🤖 AI Summary
This study addresses the challenge small organizations face in conducting cybersecurity risk assessments due to cost and complexity constraints. The authors propose a persistent context–enabled multi-agent collaborative architecture that overcomes the limitations of traditional sequential workflows by deeply integrating six interdependent stages: organizational profiling, asset mapping, threat analysis, control evaluation, risk scoring, and recommendation generation—enabling knowledge inheritance across phases. The system leverages both a general-purpose large language model (Mistral-7B) and a domain-specific fine-tuned variant, operating efficiently on modest hardware. Evaluated on a real-world healthcare organization, the framework completed a comprehensive assessment within 15 minutes, covered 92% of known risks, and achieved 85% agreement with three CISSP-certified experts on risk severity ratings, with fine-tuning significantly enhancing detection of industry-specific threats.
📝 Abstract
Getting a real cybersecurity risk assessment for a small organization is expensive -- a NIST CSF-aligned engagement runs $15,000 on the low end, takes weeks, and depends on practitioners who are genuinely scarce. Most small companies skip it entirely. We built a six-agent AI system where each agent handles one analytical stage: profiling the organization, mapping assets, analyzing threats, evaluating controls, scoring risks, and generating recommendations. Agents share a persistent context that grows as the assessment proceeds, so later agents build on what earlier ones concluded -- the mechanism that distinguishes this from standard sequential agent pipelines. We tested it on a 15-person HIPAA-covered healthcare company and compared outputs to independent assessments by three CISSP practitioners -- the system agreed with them 85% of the time on severity classifications, covered 92% of identified risks, and finished in under 15 minutes. We then ran 30 repeated single-agent assessments across five synthetic but sector-realistic organizational profiles in healthcare, fintech, manufacturing, retail, and SaaS, comparing a general-purpose Mistral-7B against a domain fine-tuned model.

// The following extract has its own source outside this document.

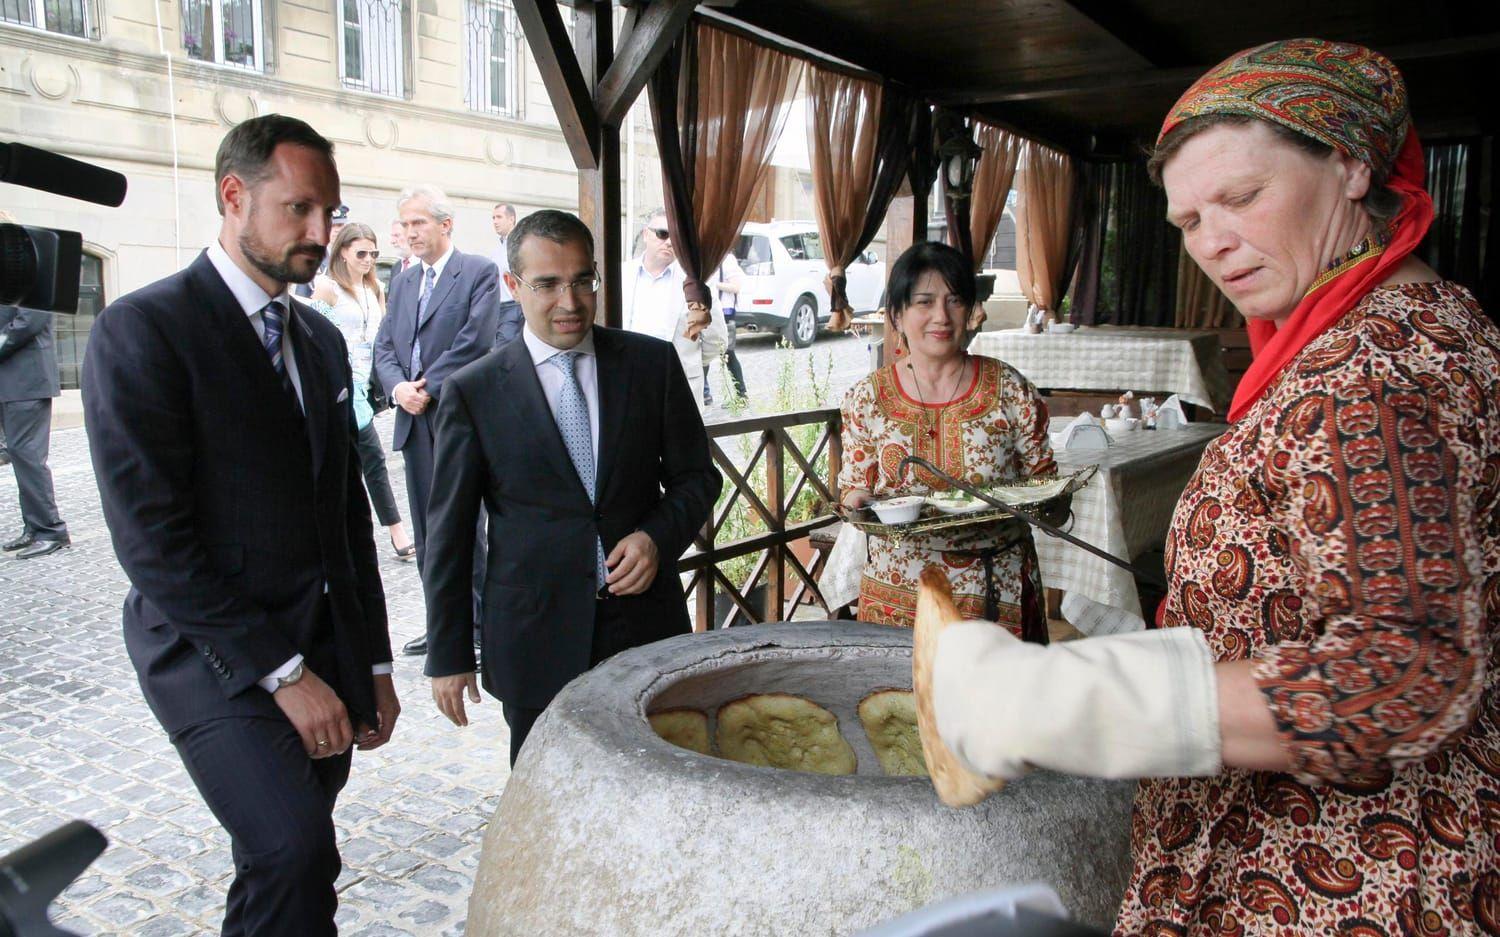 Norges kronprins Haakon får testa det klassiska brödet bakat i den traditionella cylinderformade ugnen. Bild: TT.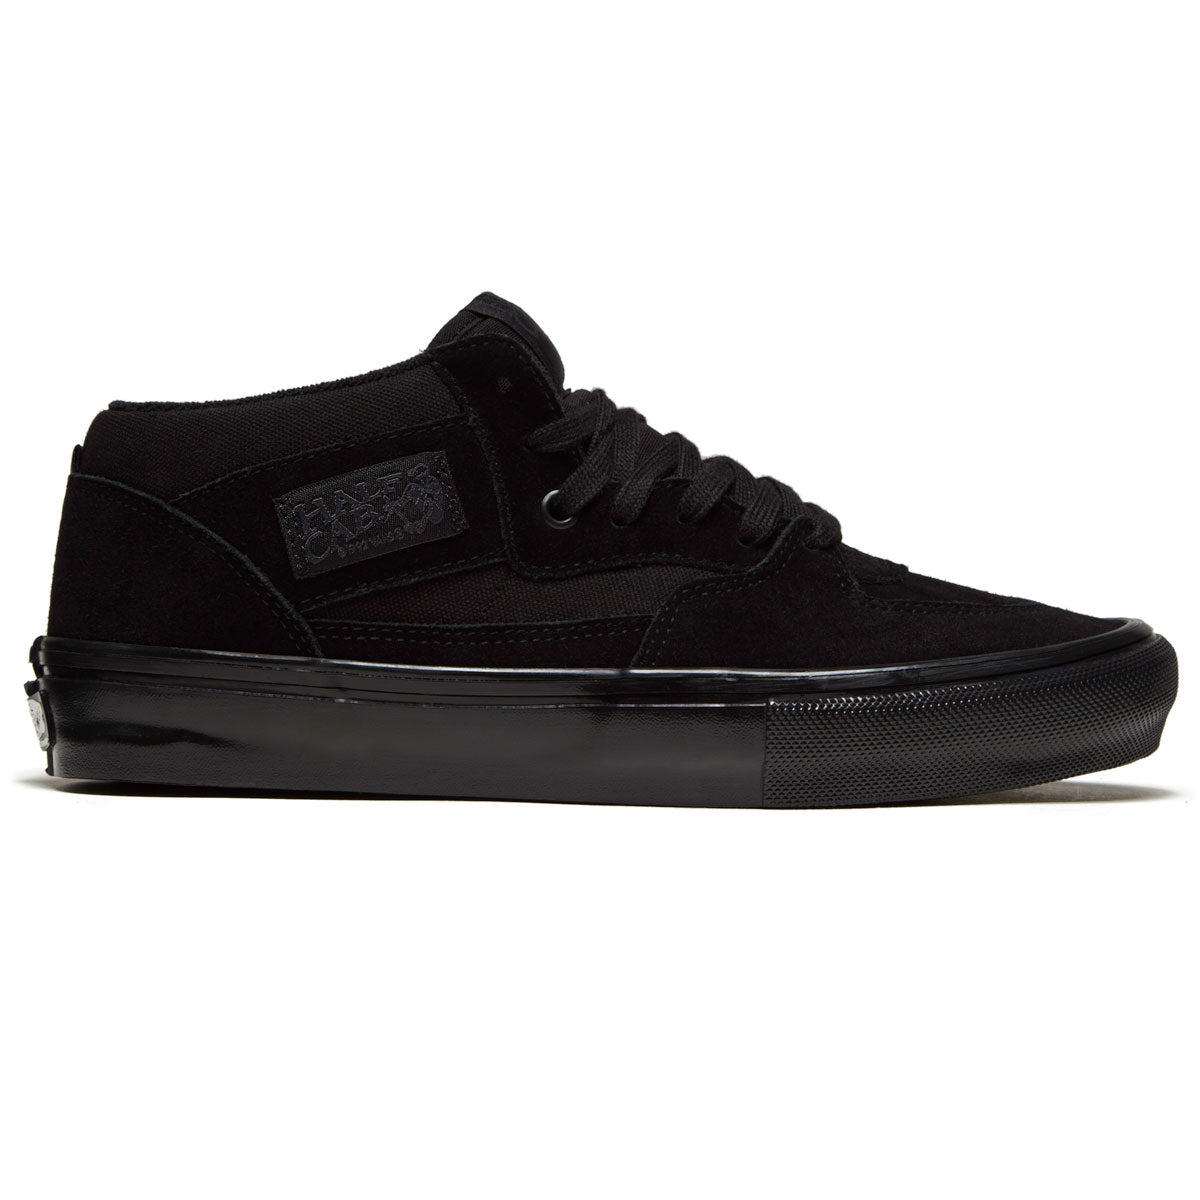 Vans Skate Half Cab Shoes - Black/Black image 1

Both completed every run. The fine-tuned model flagged threats the baseline could not see at all: PHI exposure in healthcare, OT/IIoT vulnerabilities in manufacturing, platform-specific risks in retail. The full multi-agent pipeline, however, failed every one of 30 attempts on a Tesla T4 with its 4,096-token default context window -- context capacity, not model quality, turned out to be the binding constraint.